In the data below, repeat the line containing "#1 - Percy Nobleman" and every following line exactly, up to and including the last line. Exclude pictures.

◆ ◆ ◆

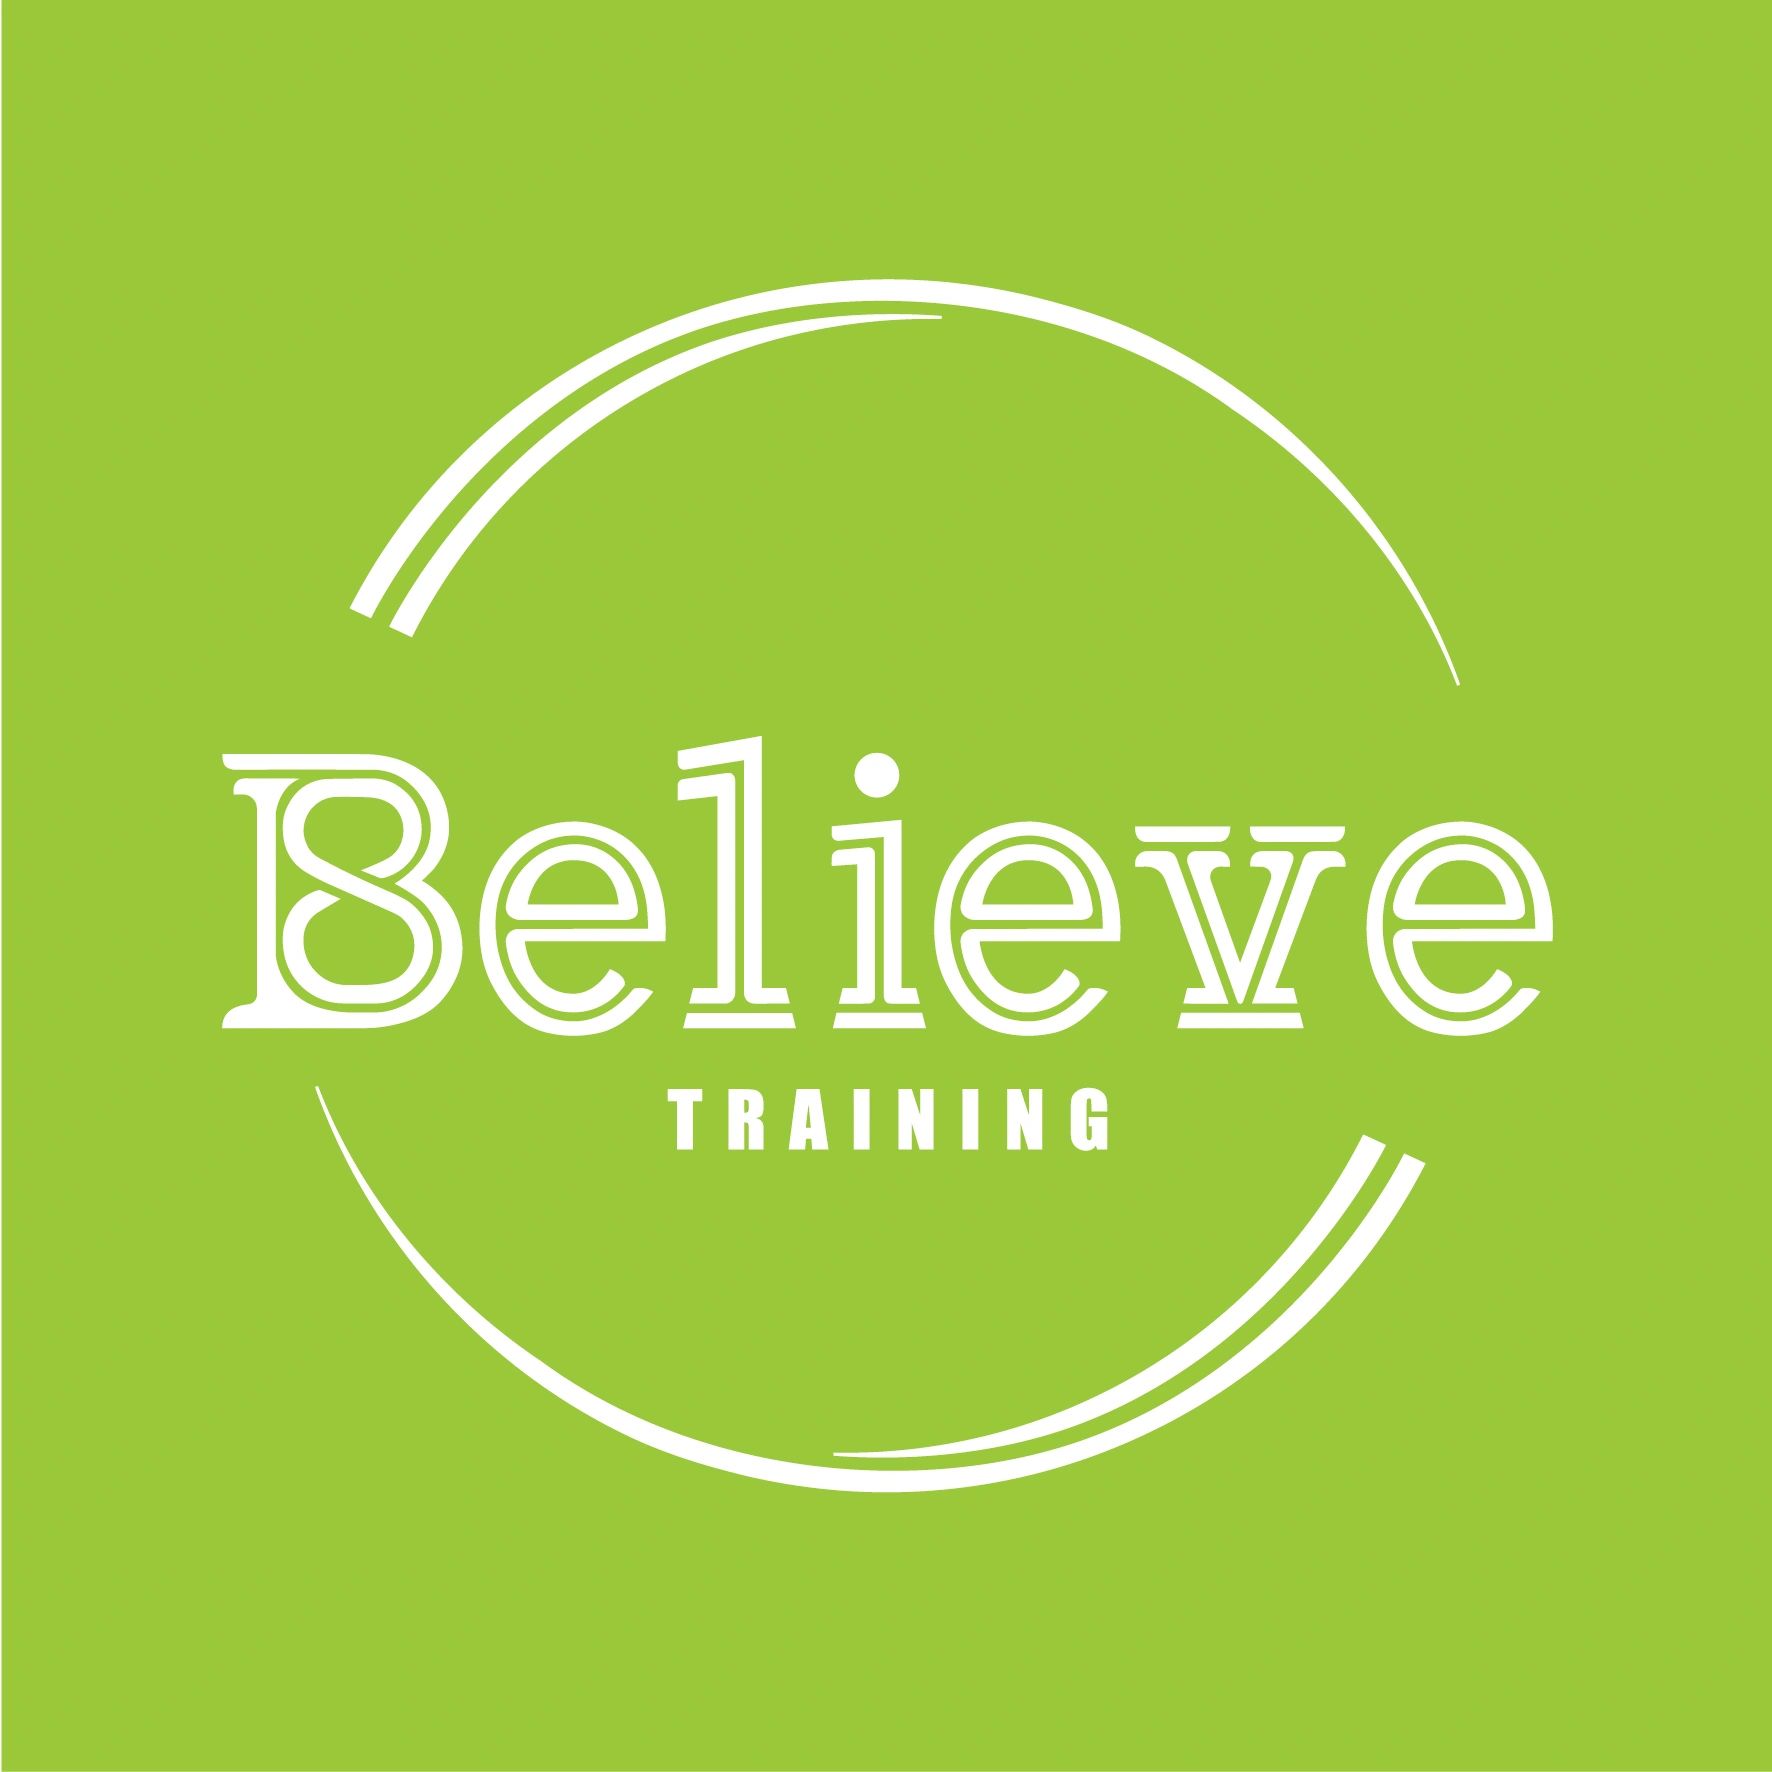 Believe Training
相信訓練
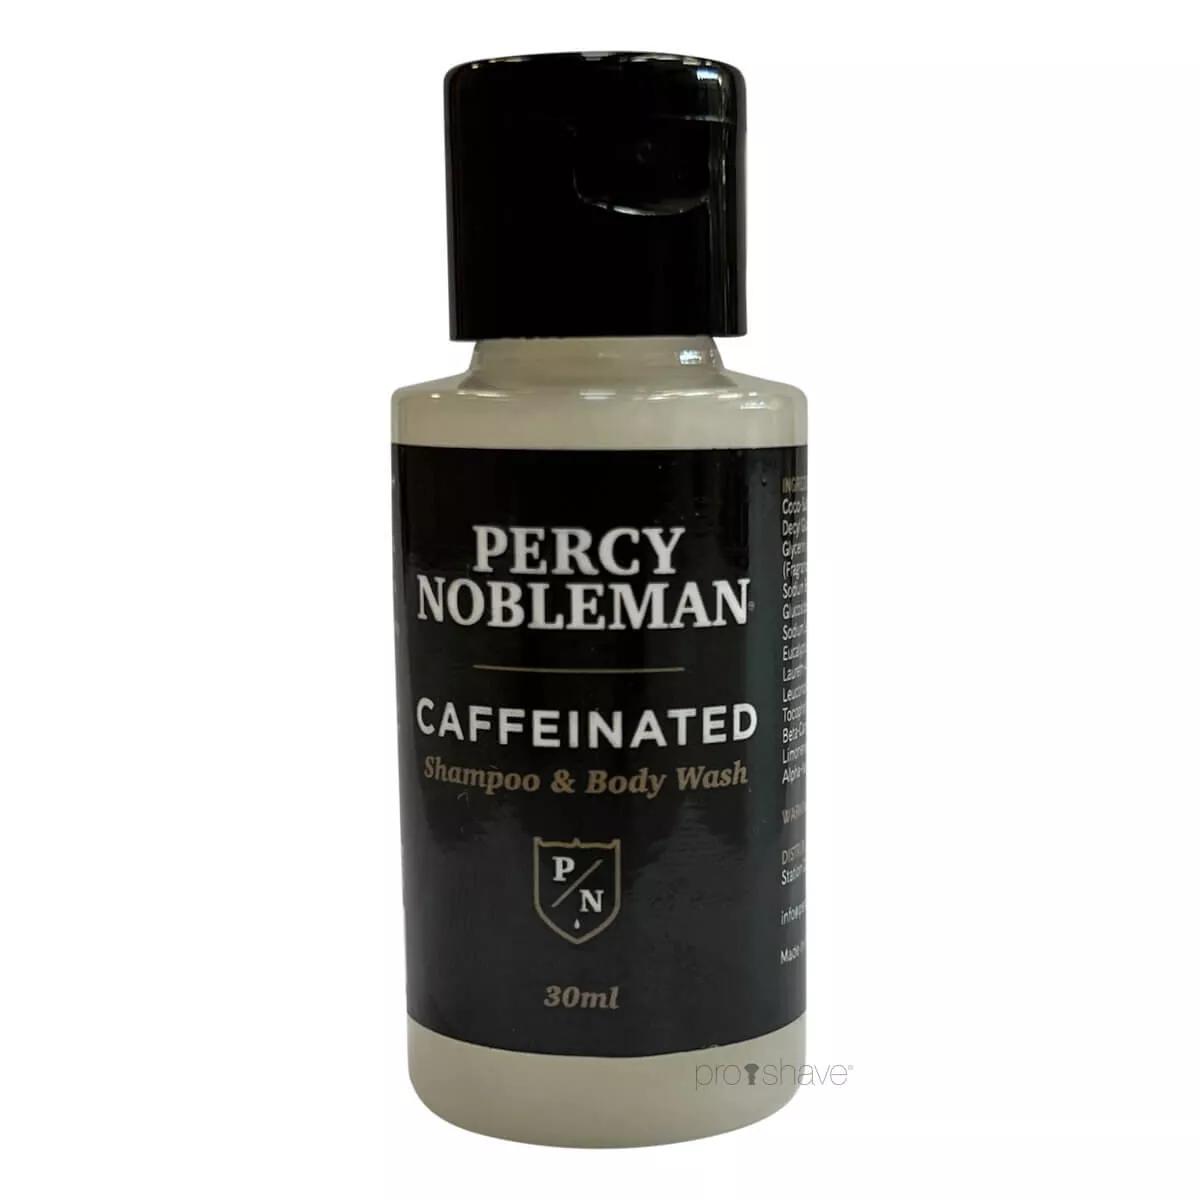 #1 - Percy Nobleman Caffeinated Shampoo & Body Wash, Rejsestørrelse, 30 ml.
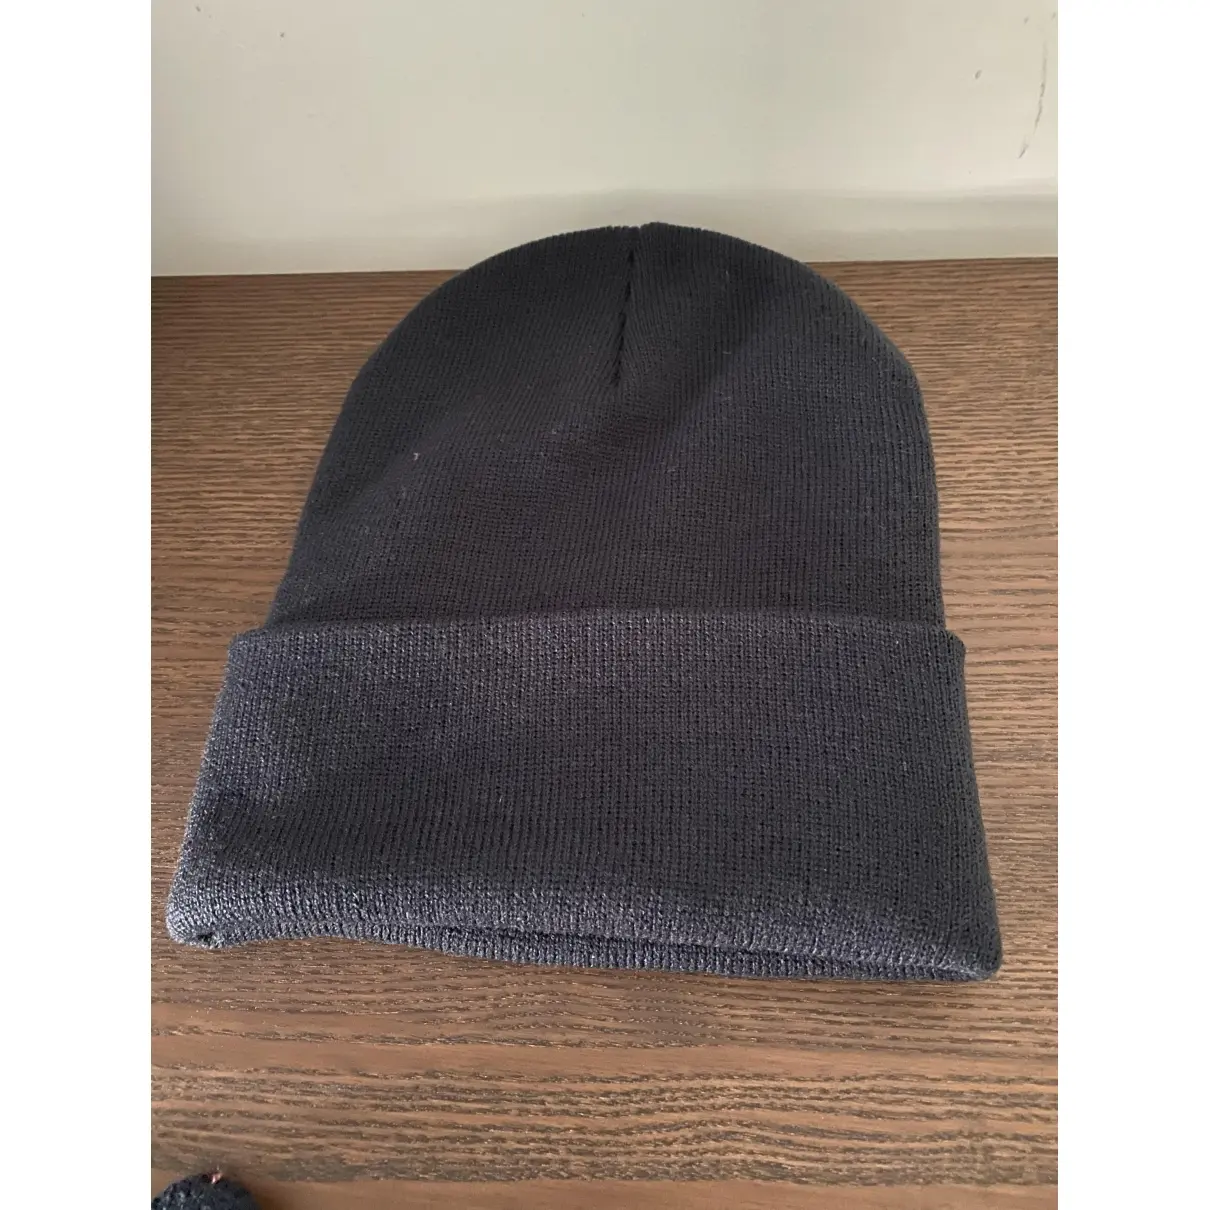 Carhartt Wool hat for sale
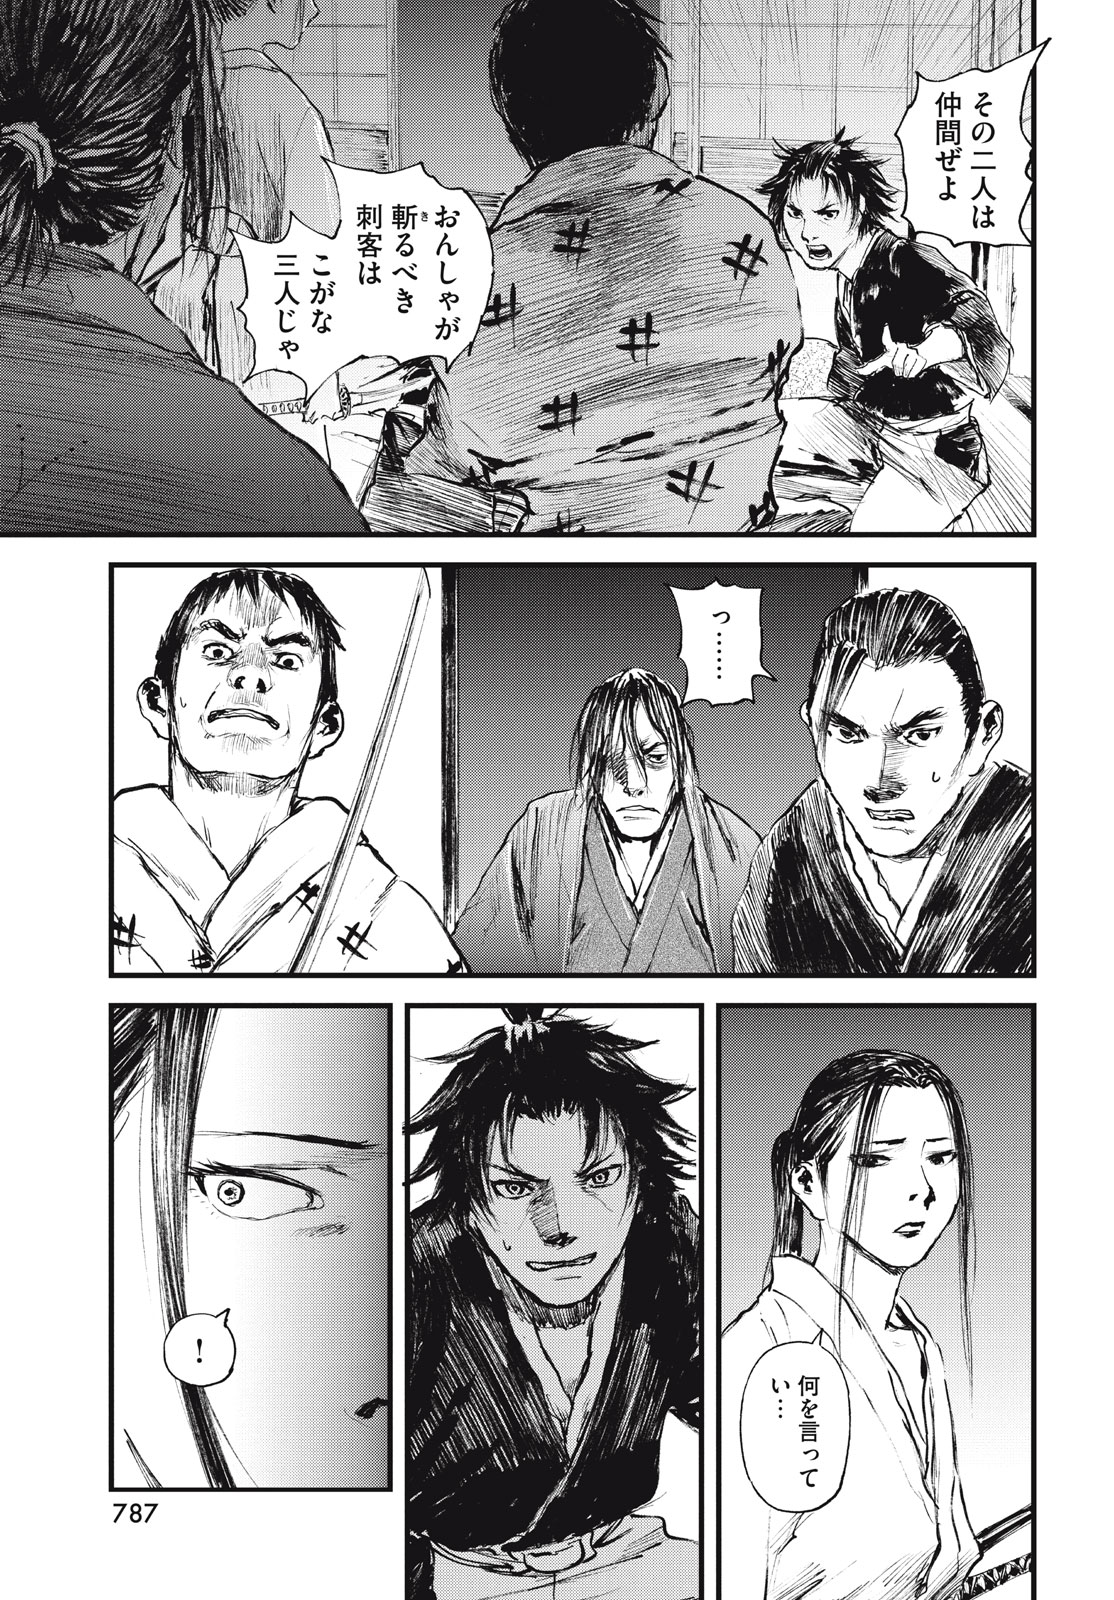 Blade of the Immortal: Bakumatsu Arc - Chapter 55 - Page 5

◆ ◆ ◆

§ **Solution to the problem**:
 #1 - Percy Nobleman Caffeinated Shampoo & Body Wash, Rejsestørrelse, 30 ml.
 Carhartt Wool hat for sale
 Blade of the Immortal: Bakumatsu Arc - Chapter 55 - Page 5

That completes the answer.